*Information shown*
<<<<
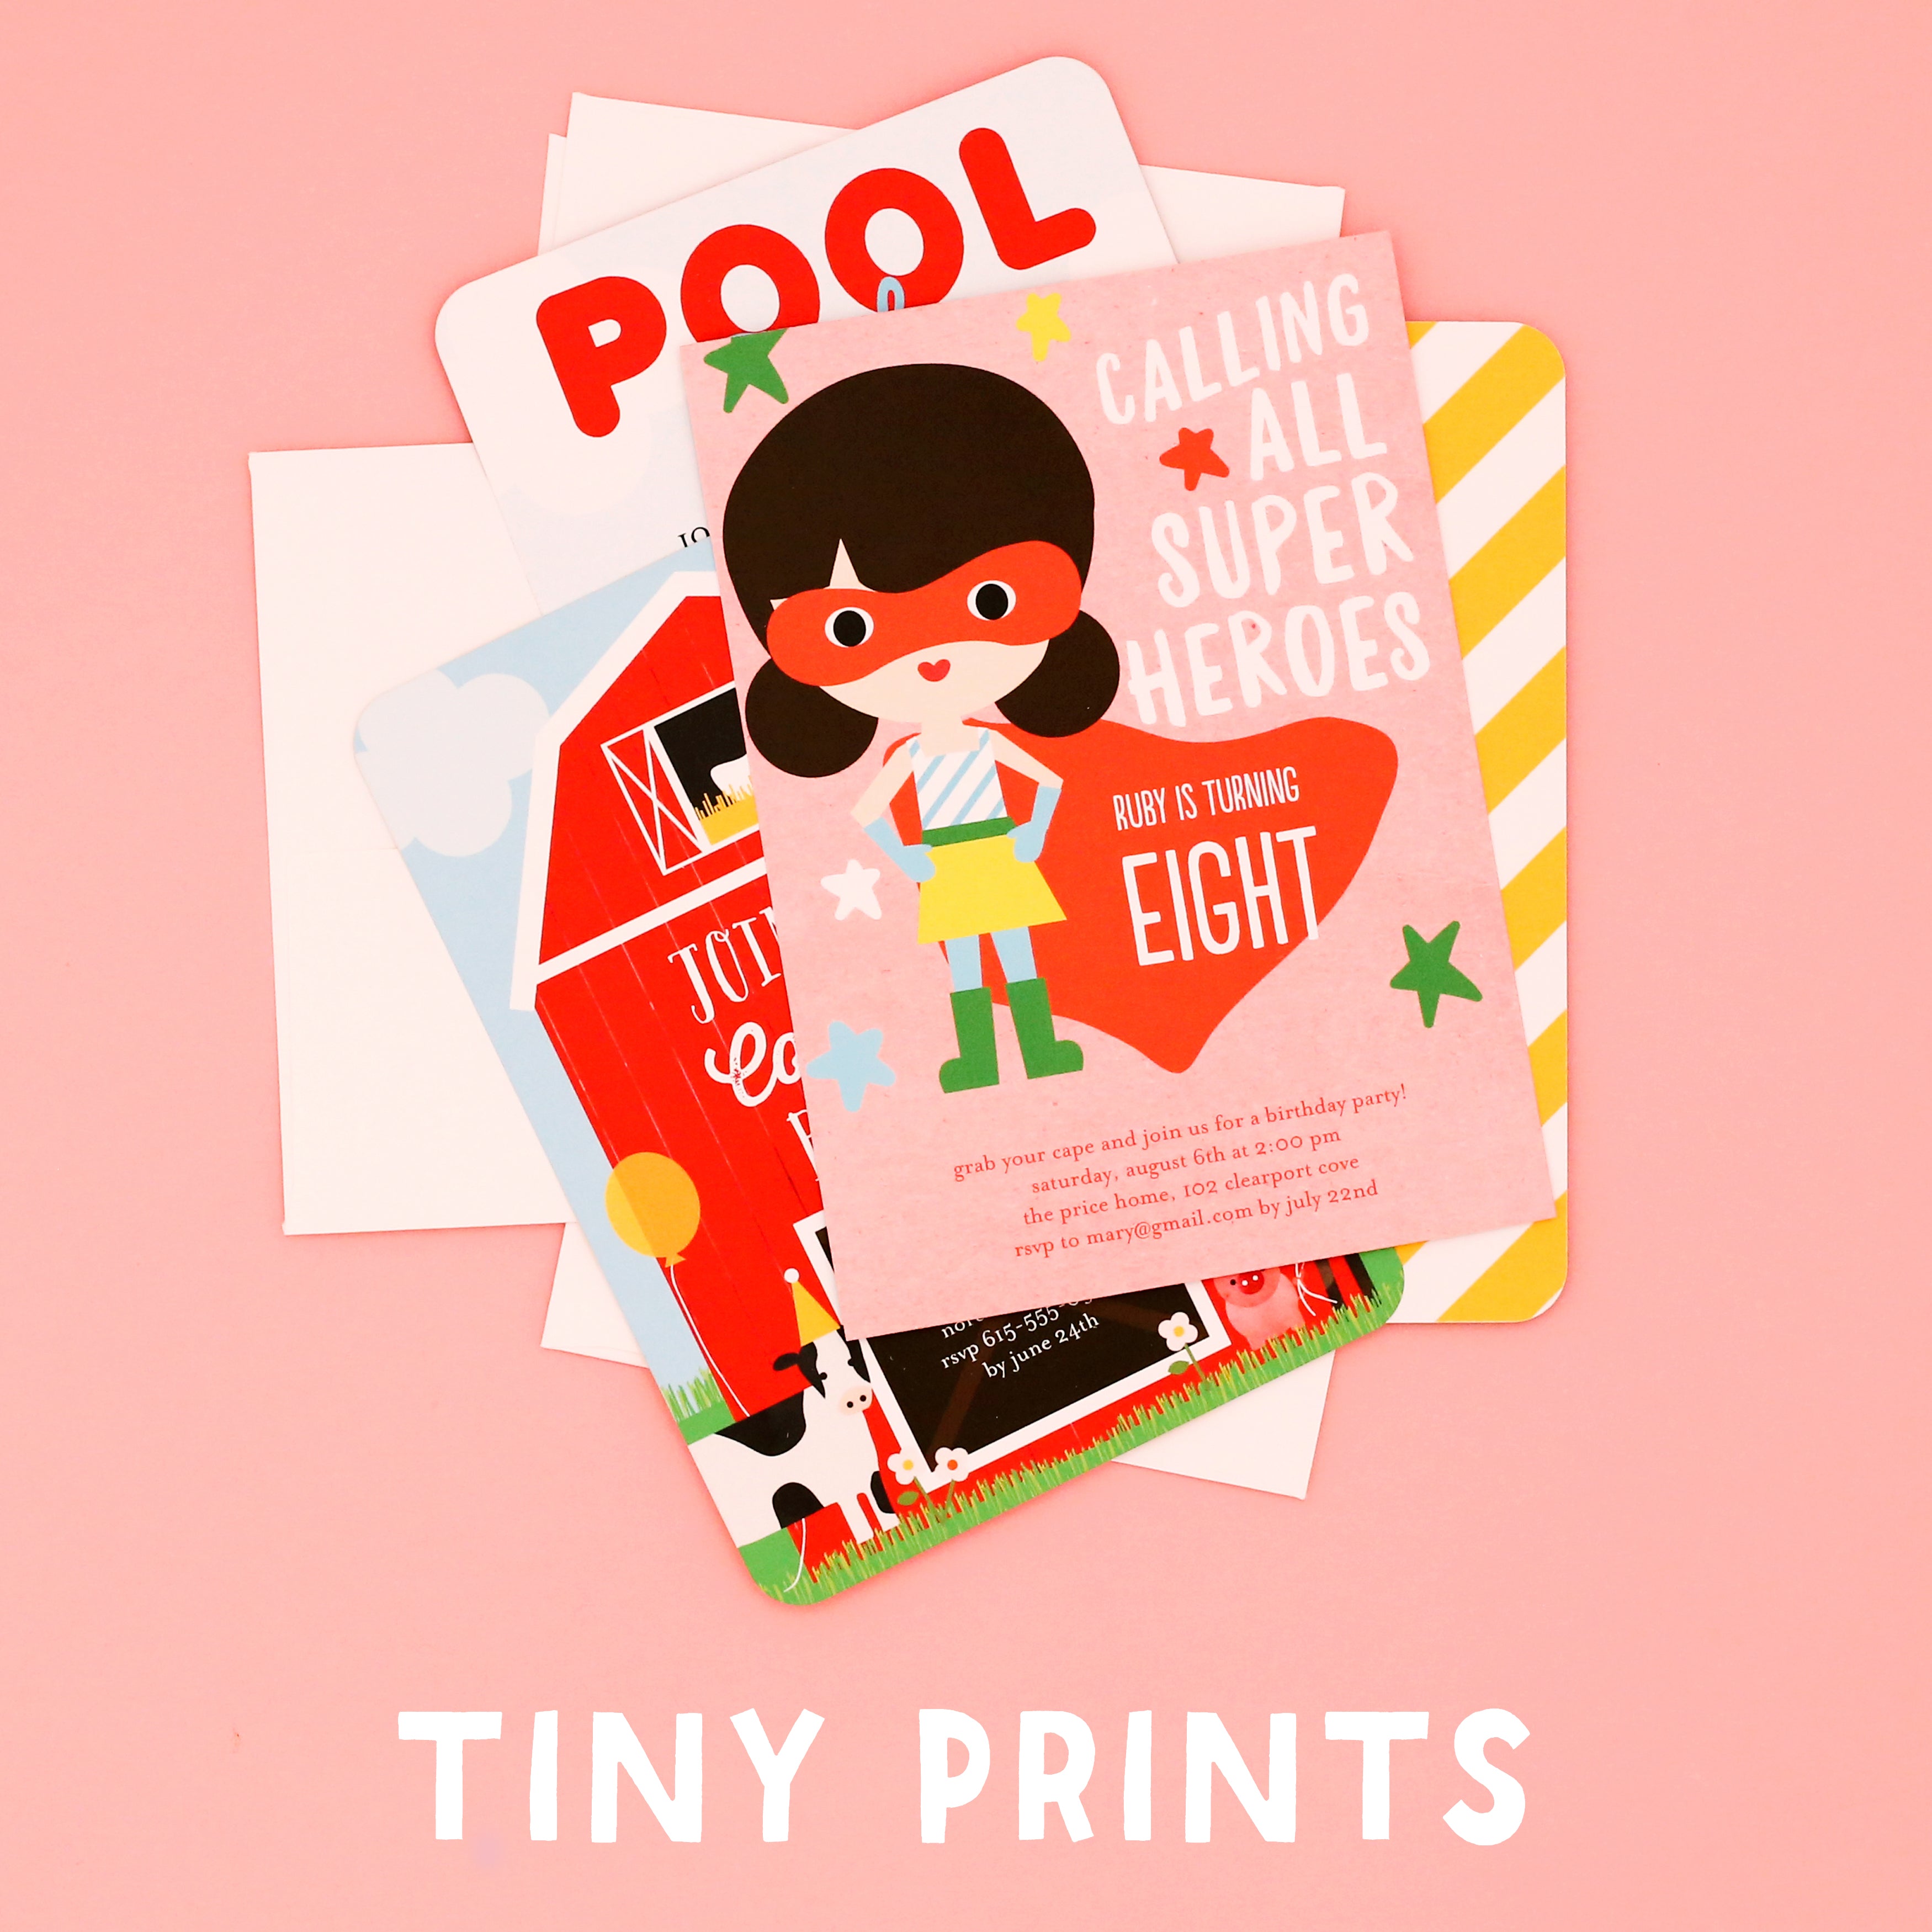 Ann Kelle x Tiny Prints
>>>>
<<<<
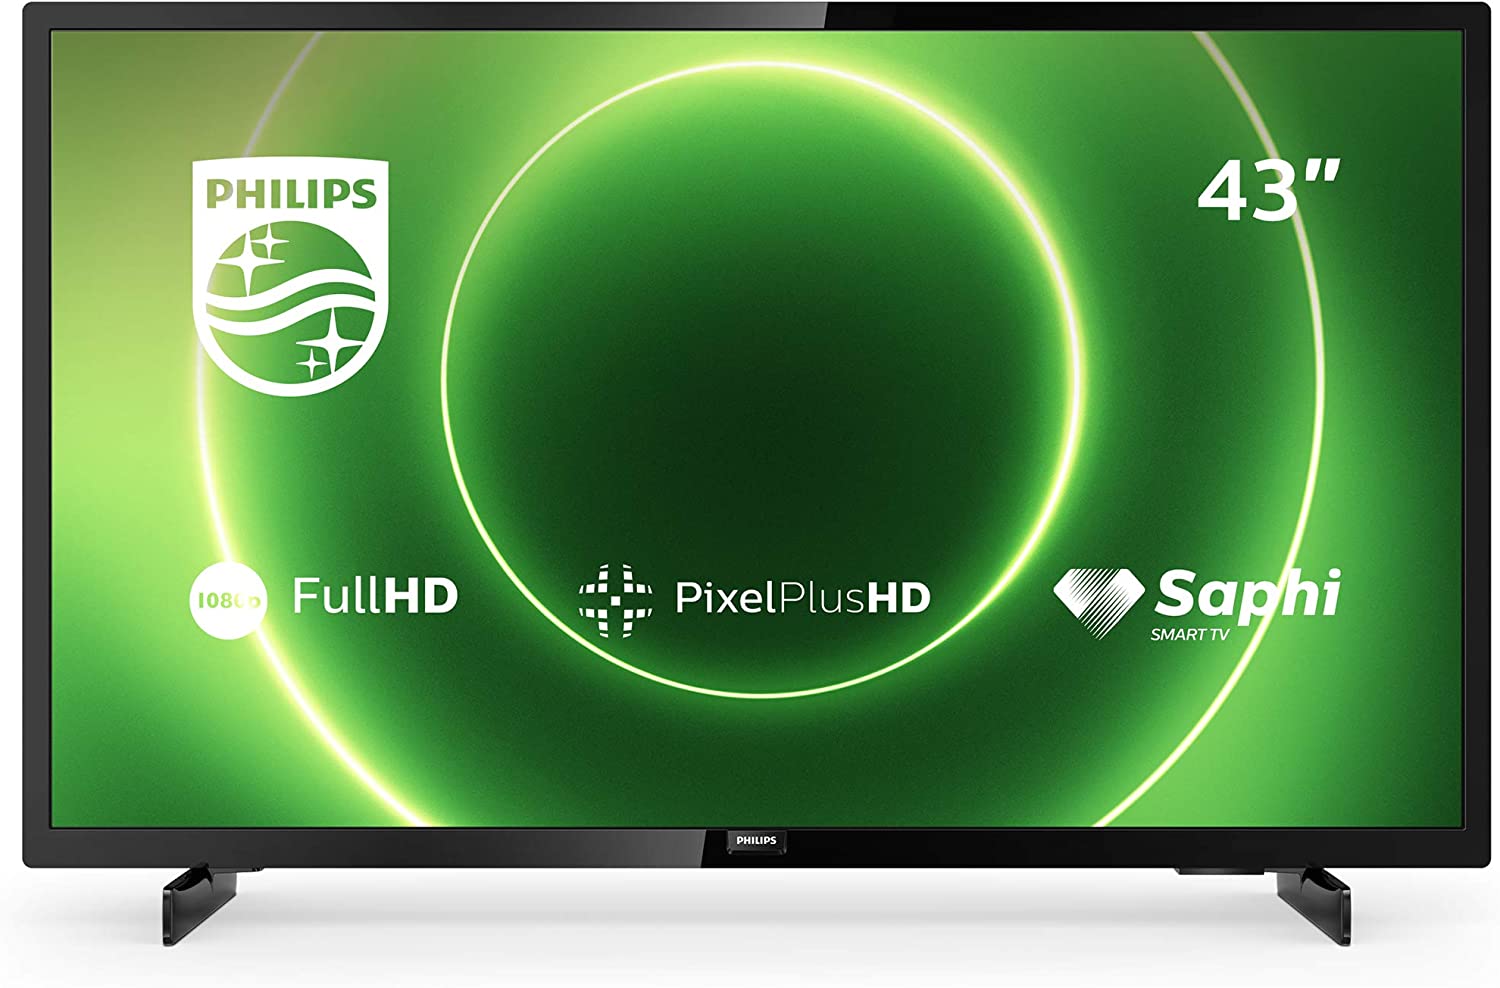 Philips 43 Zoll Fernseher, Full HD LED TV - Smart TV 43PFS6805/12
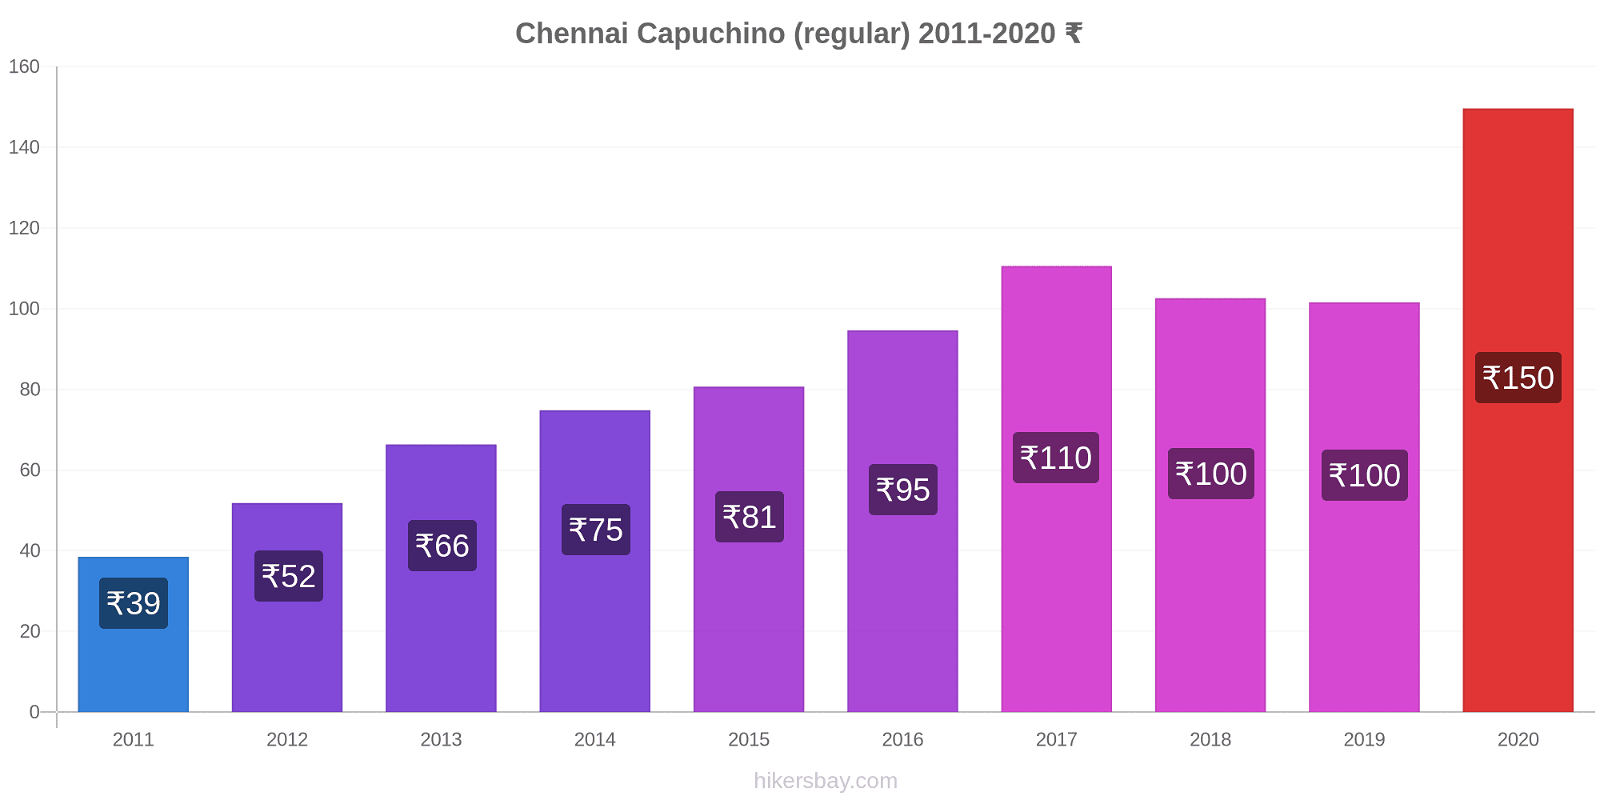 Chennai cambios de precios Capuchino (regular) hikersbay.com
>>>>
<<<<
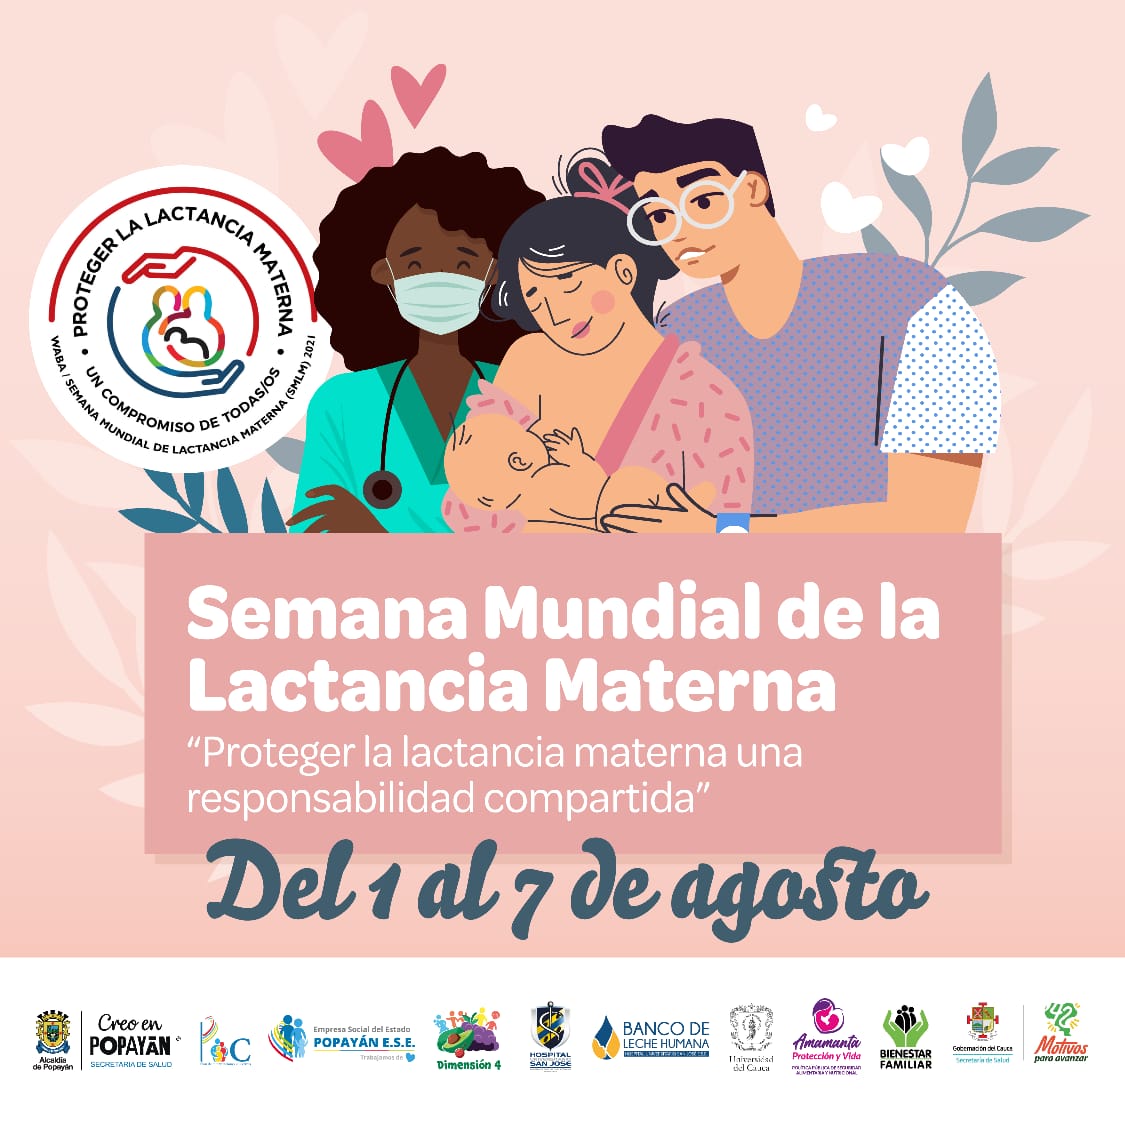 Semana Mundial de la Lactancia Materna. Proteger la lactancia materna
>>>>
*Problem details*
Pictures excluded, reproduce only the part above that opens with the line holding "Philips 43 Zoll" and closes with the line holding "Chennai cambios de", exactly as written.

*Expected output*
 Philips 43 Zoll Fernseher, Full HD LED TV - Smart TV 43PFS6805/12
 Chennai cambios de precios Capuchino (regular) hikersbay.com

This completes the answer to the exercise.